PROBLEM DESCRIPTION – Copy the listing that follows exactly. Its pictures do not belong in the copy.

SUPPLIED MATERIAL –
== Segment start ==
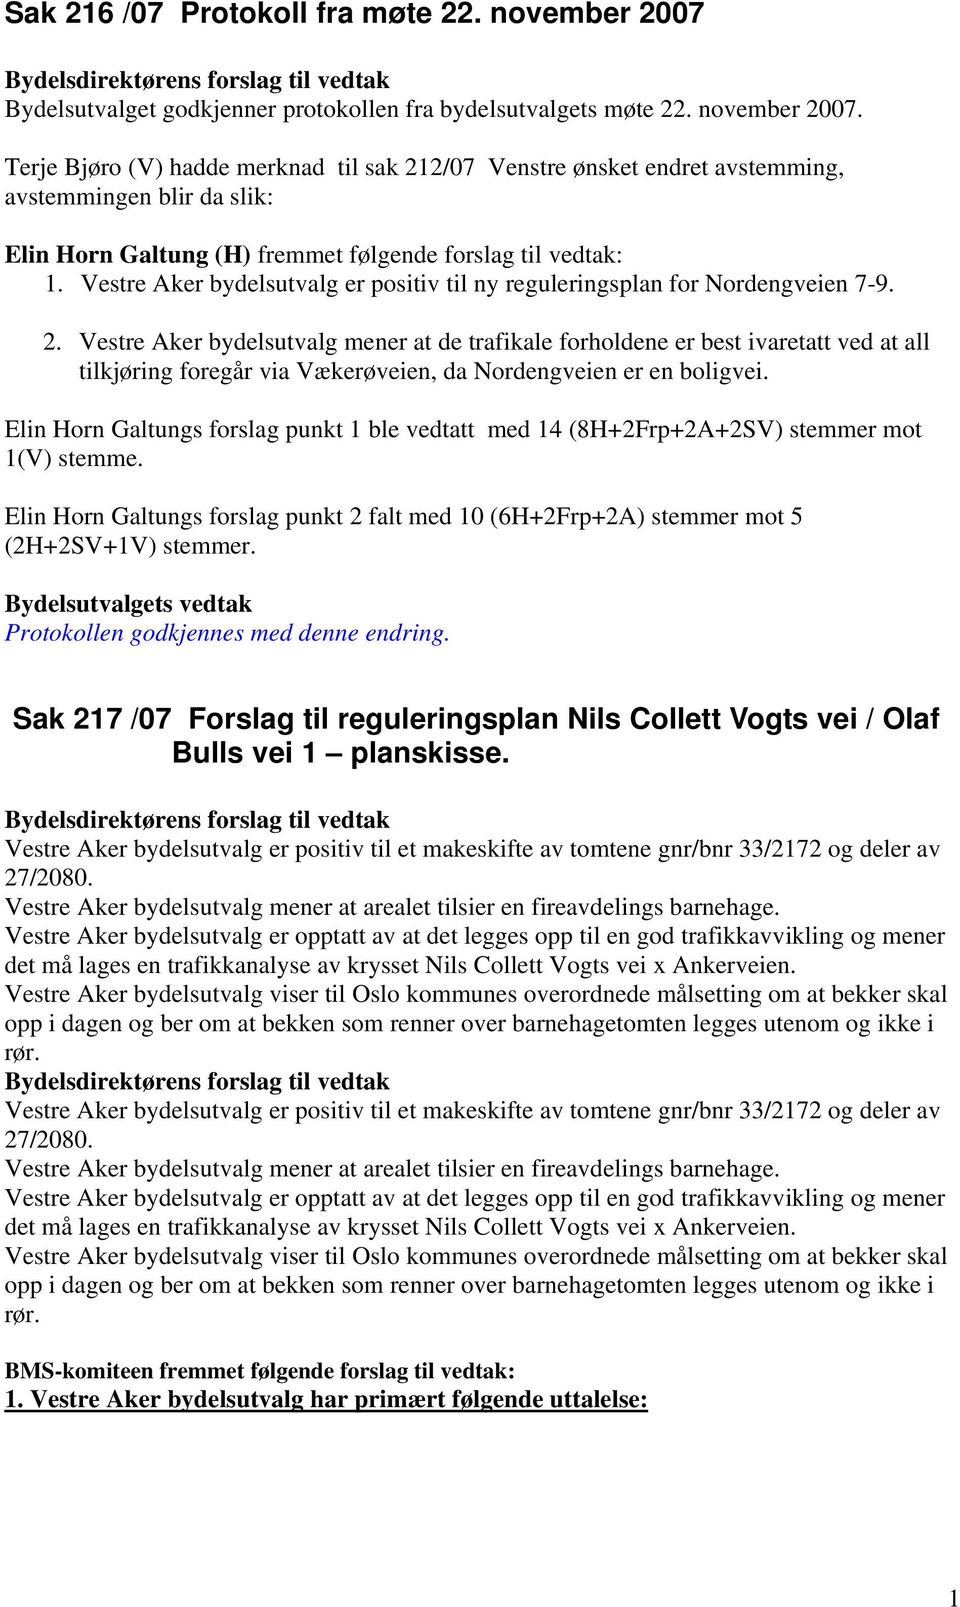 Terje Bjøro (V) hadde merknad til sak 212/07 Venstre ønsket endret avstemming, avstemmingen blir da slik: Elin Horn Galtung (H) fremmet følgende forslag til vedtak: 1.
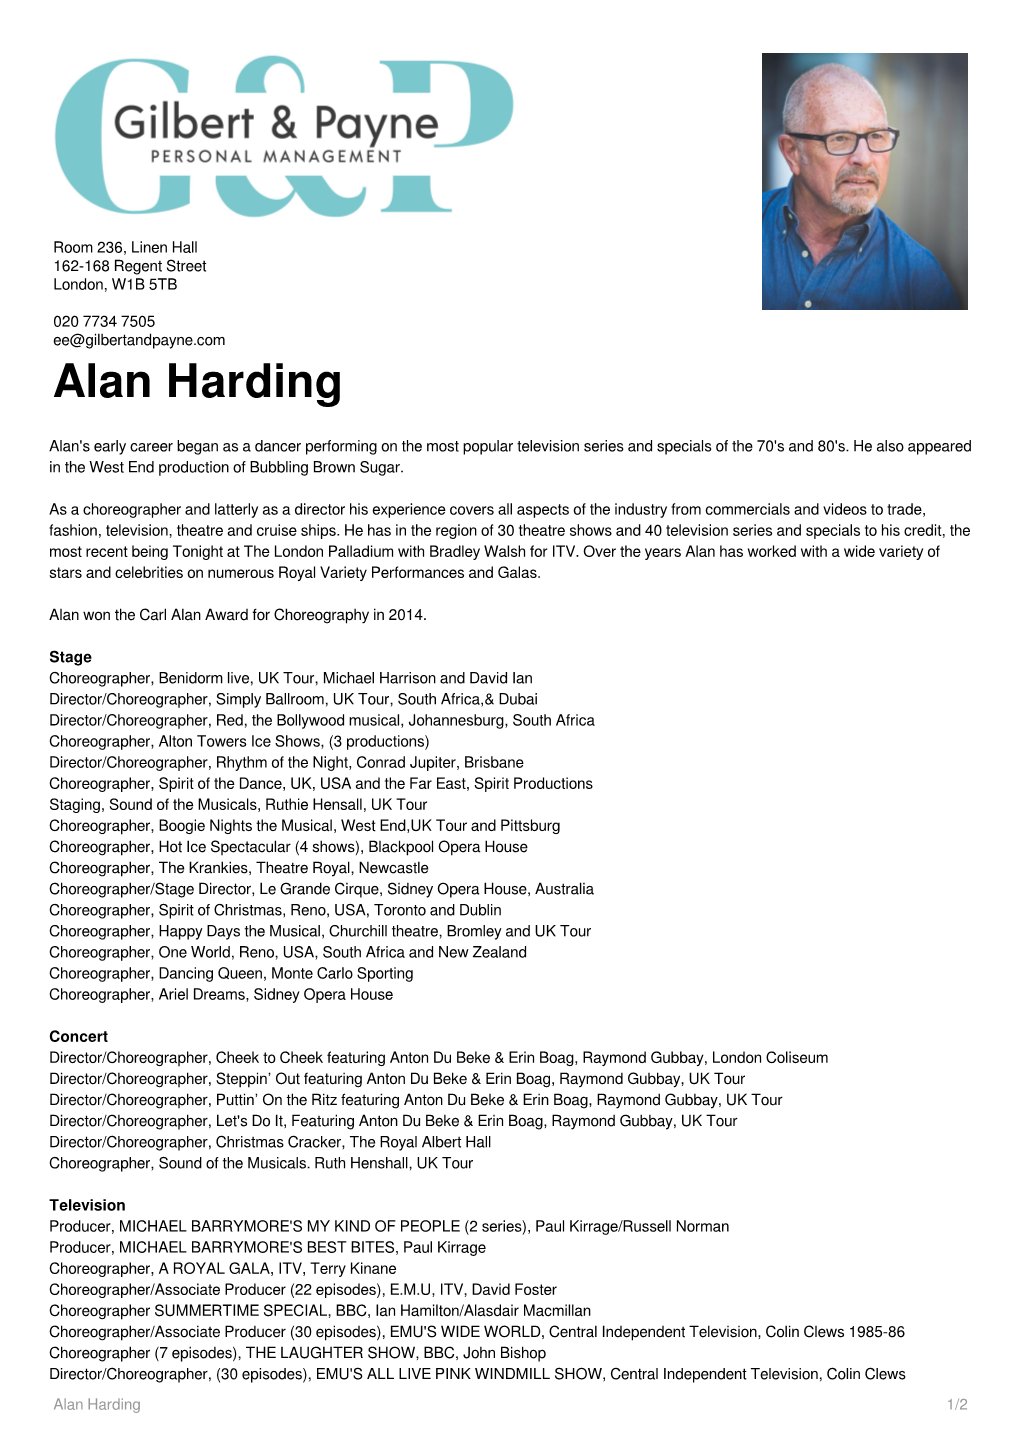 Alan Harding
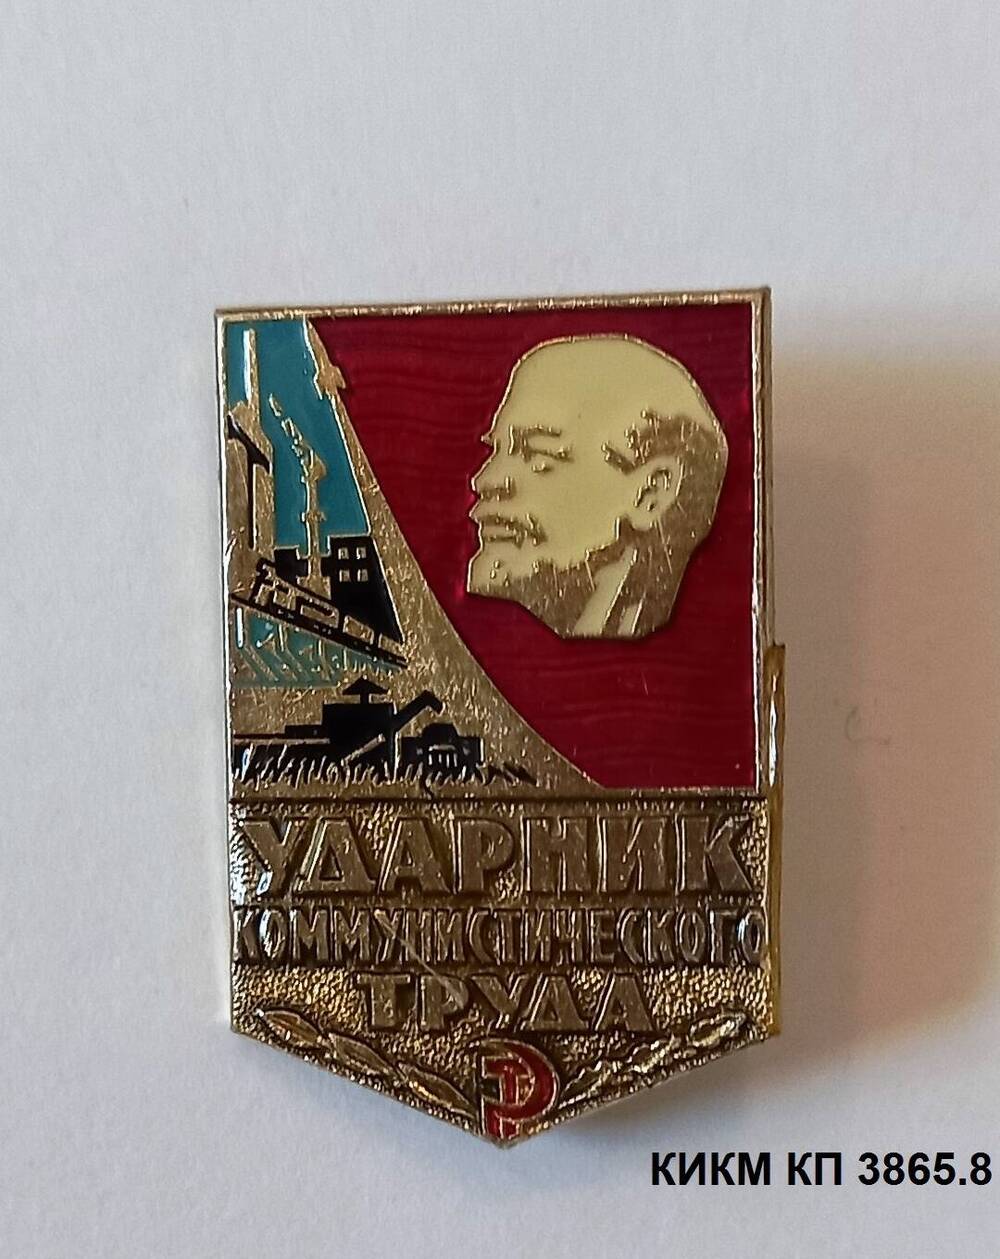 Значок Ударник коммунистического труда Флеминга Адольфа Августовича, токаря кранового завода.
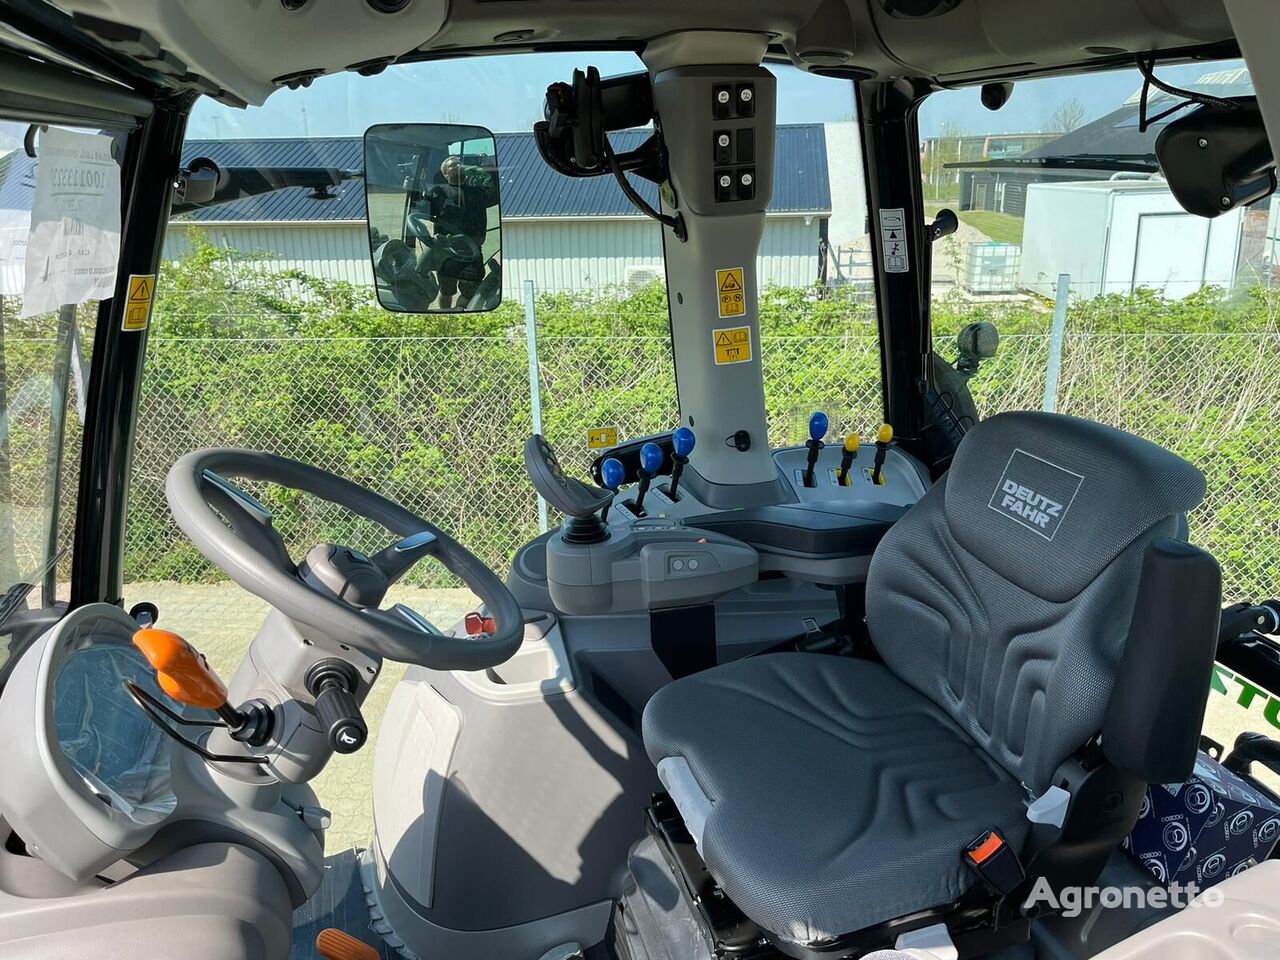 Deutz-Fahr Agrotron 6145G tractor de ruedas nuevo
== Segment end ==
RESPONSE –
 Terje Bjøro (V) hadde merknad til sak 212/07 Venstre ønsket endret avstemming, avstemmingen blir da slik: Elin Horn Galtung (H) fremmet følgende forslag til vedtak: 1.
 Alan Harding
 Значок Ударник коммунистического труда Флеминга Адольфа Августовича, токаря кранового завода.
 Deutz-Fahr Agrotron 6145G tractor de ruedas nuevo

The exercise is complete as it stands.